> _THE DATA_
* * * * *
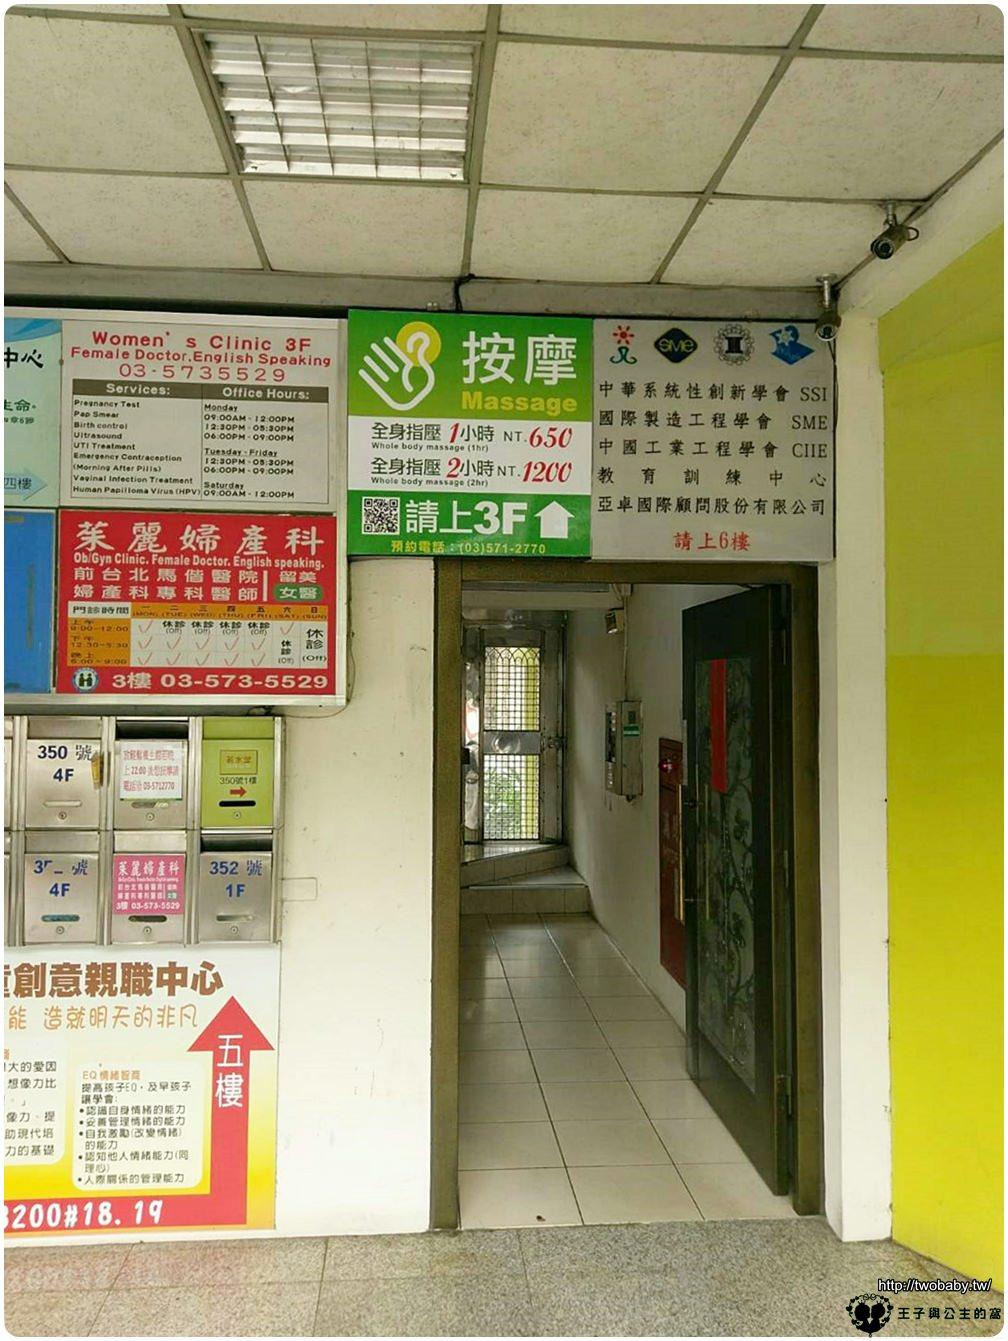 新竹按摩|新竹便宜按摩 FUN輕鬆/放輕鬆 清大店-值得推薦的新竹養生館
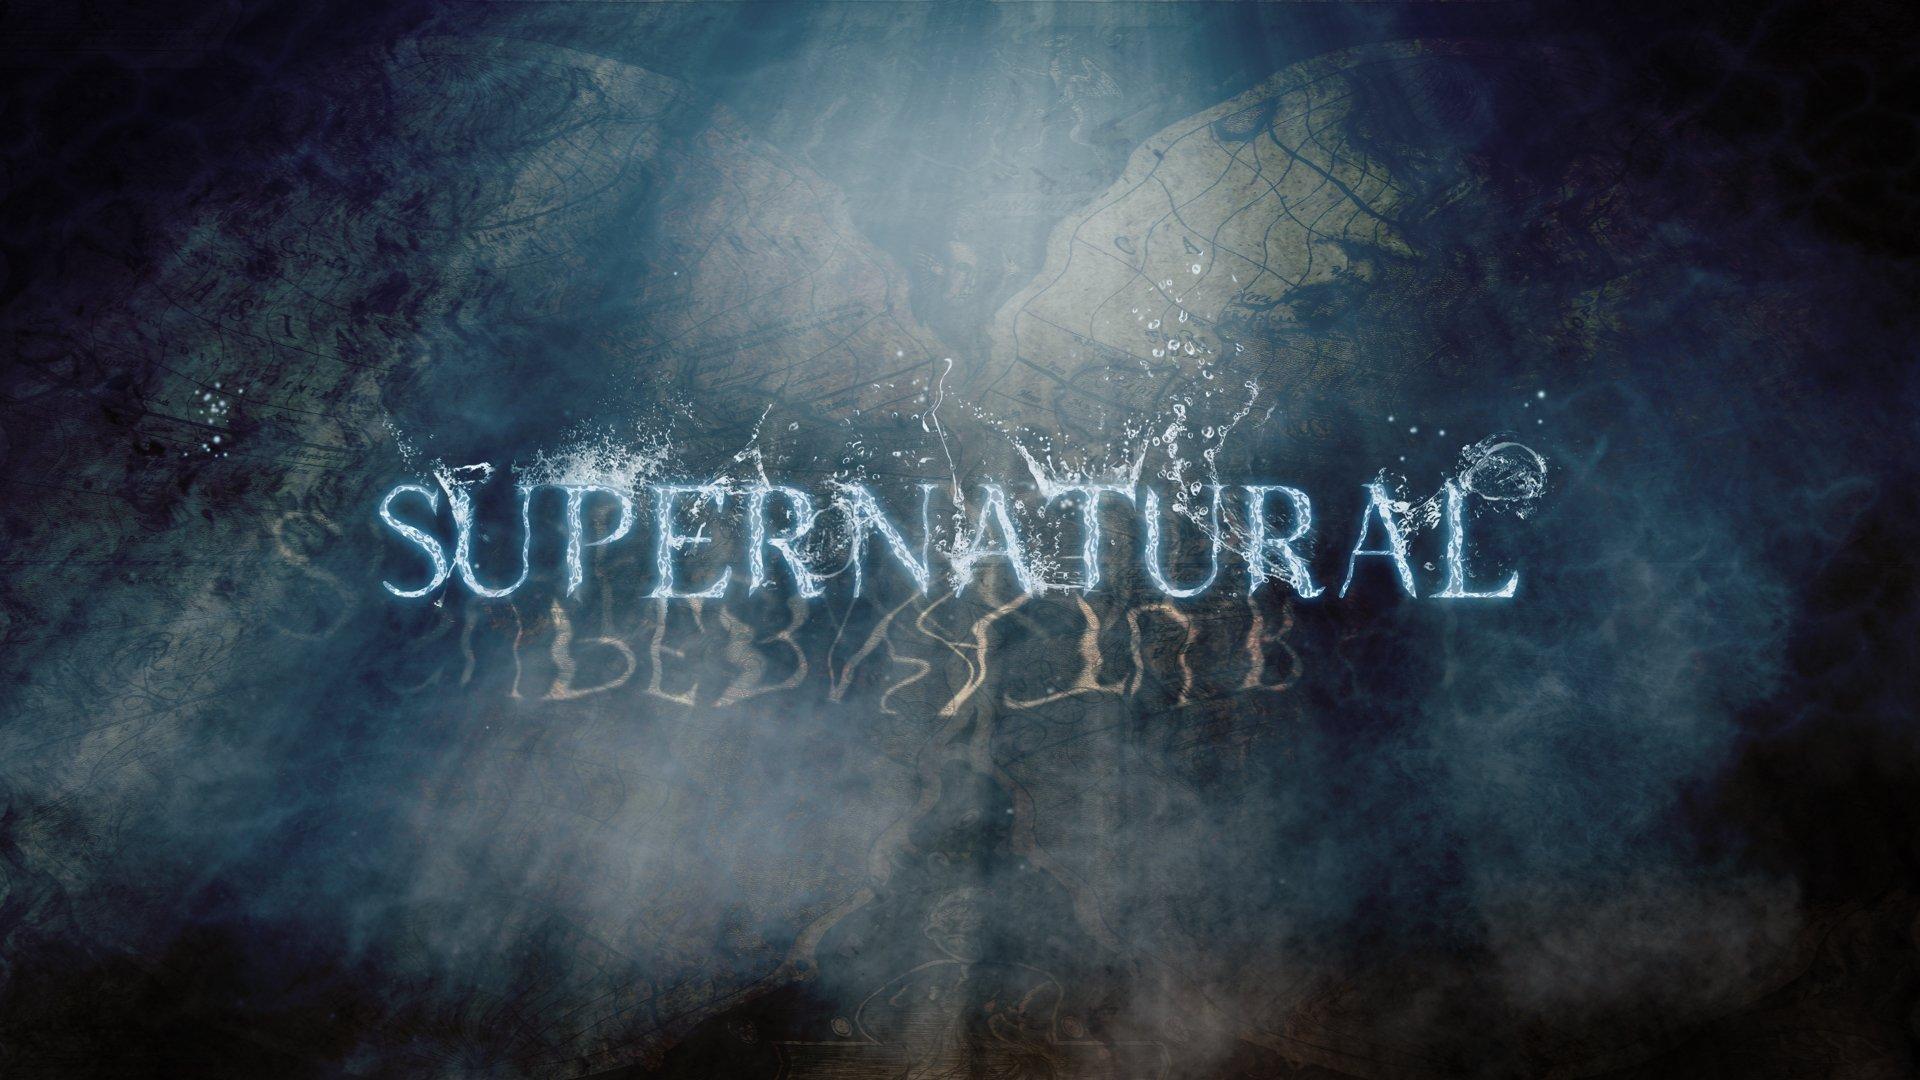 46 Supernatural Wallpaper Desktop On Wallpapersafari
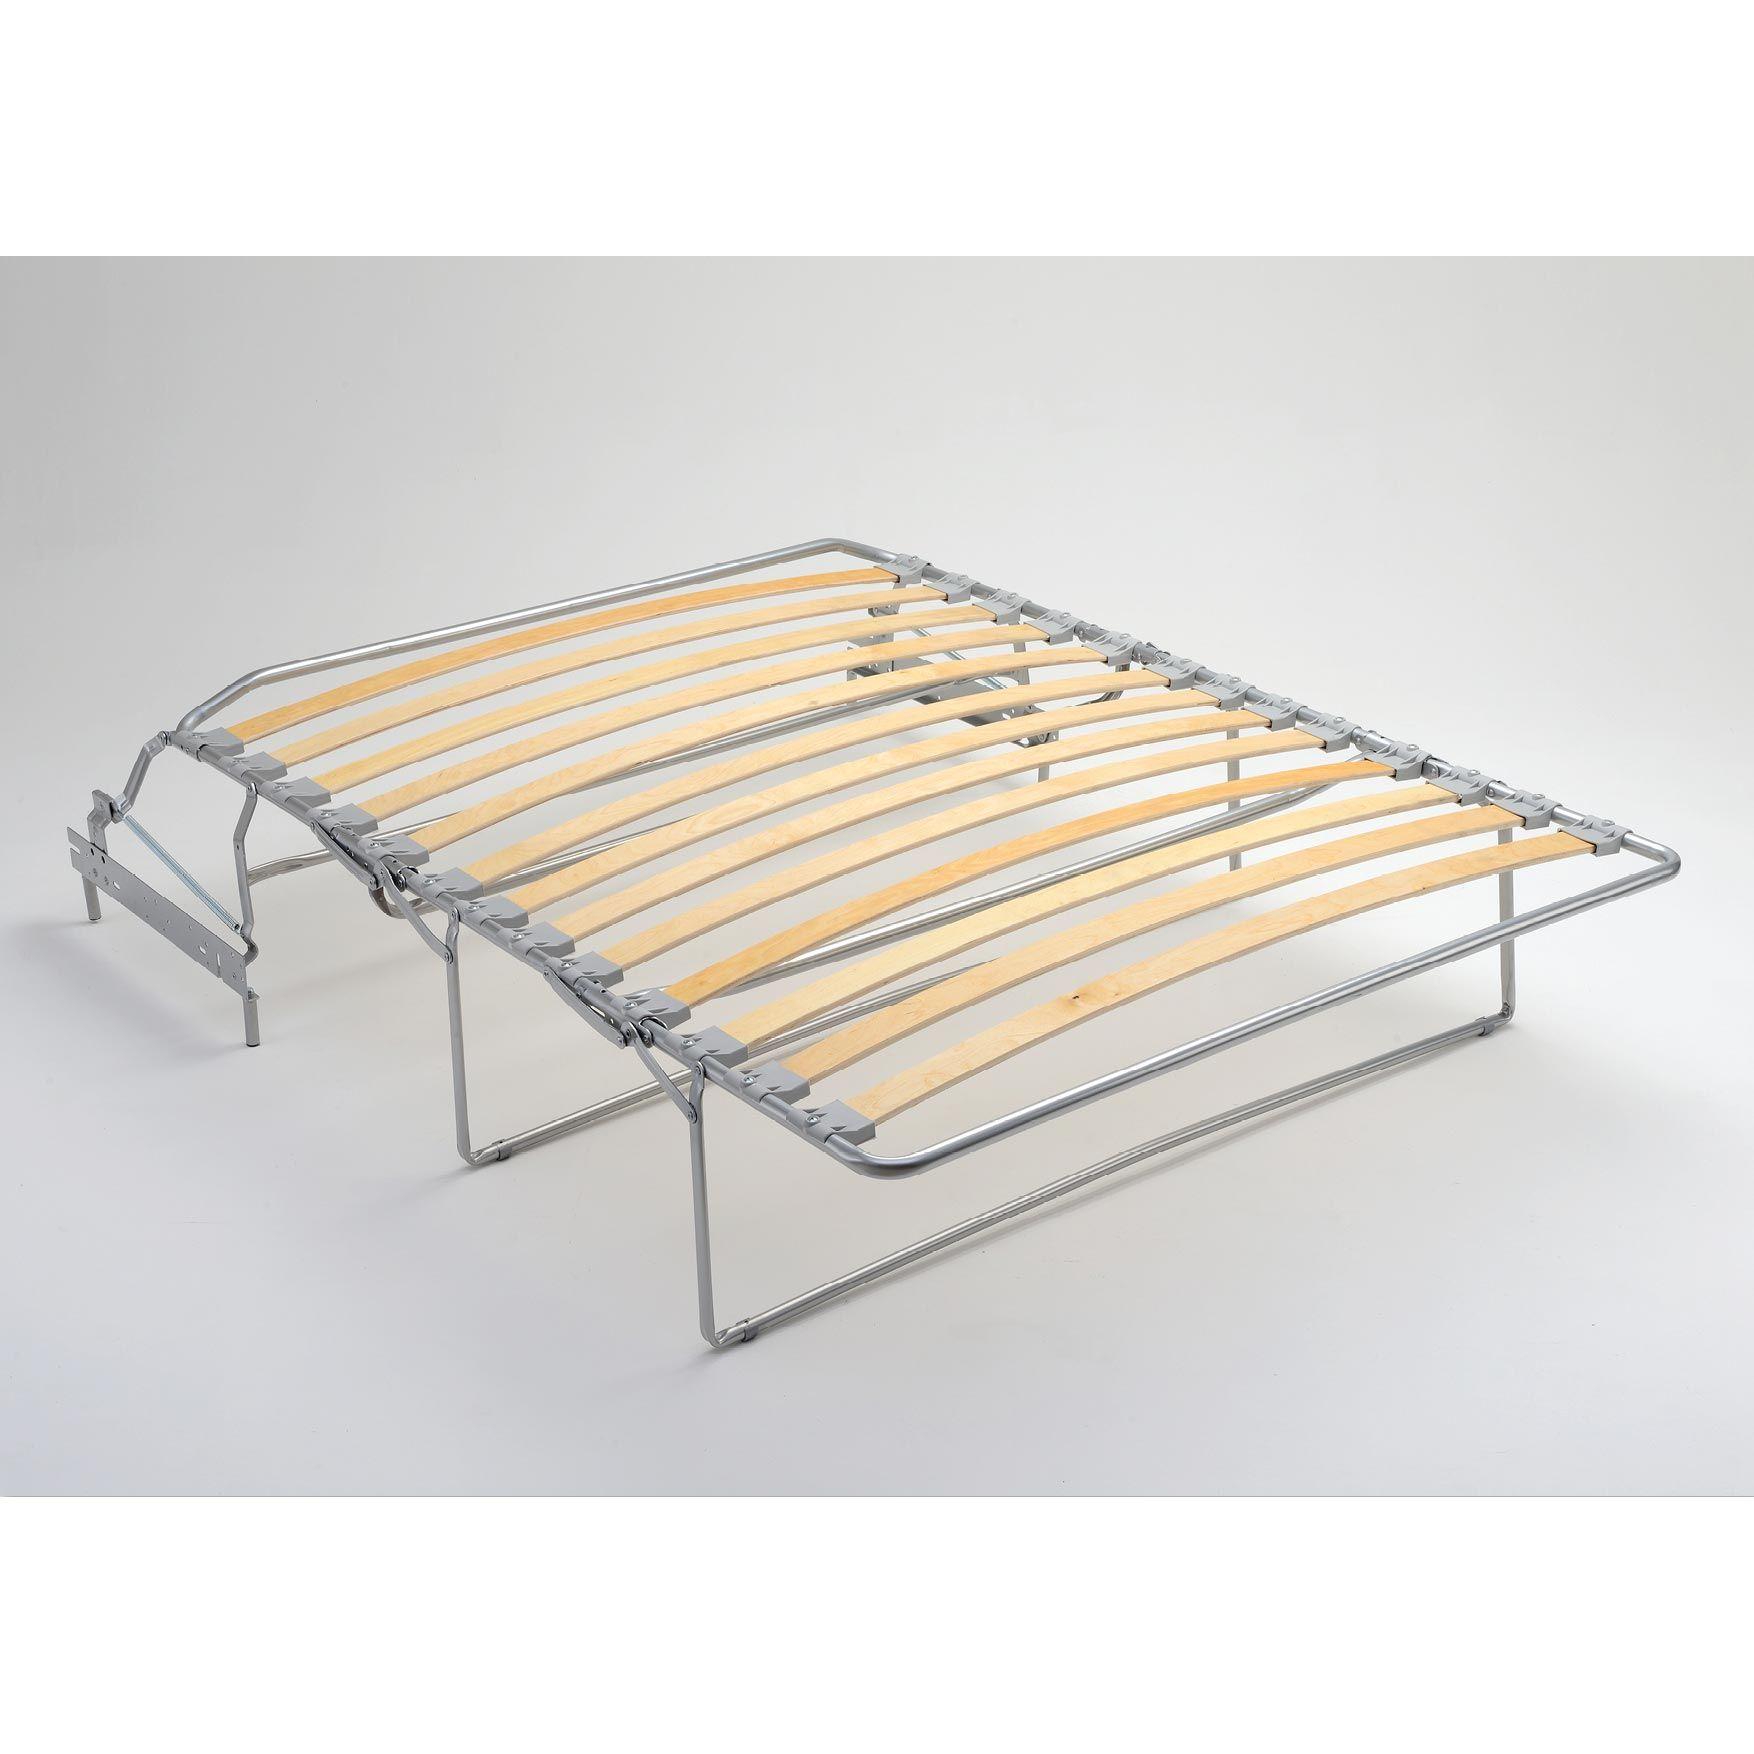 Reti materassi e trasformabili reti per divano letto - Divano letto con rete a doghe ...
* * * * *
> _WHAT YOU NEED TO DO_
Go through the listing above and retype it exactly, skipping every picture.

> _SOLUTION FOR THIS TASK_
 新竹按摩|新竹便宜按摩 FUN輕鬆/放輕鬆 清大店-值得推薦的新竹養生館
 46 Supernatural Wallpaper Desktop On Wallpapersafari
 Reti materassi e trasformabili reti per divano letto - Divano letto con rete a doghe ...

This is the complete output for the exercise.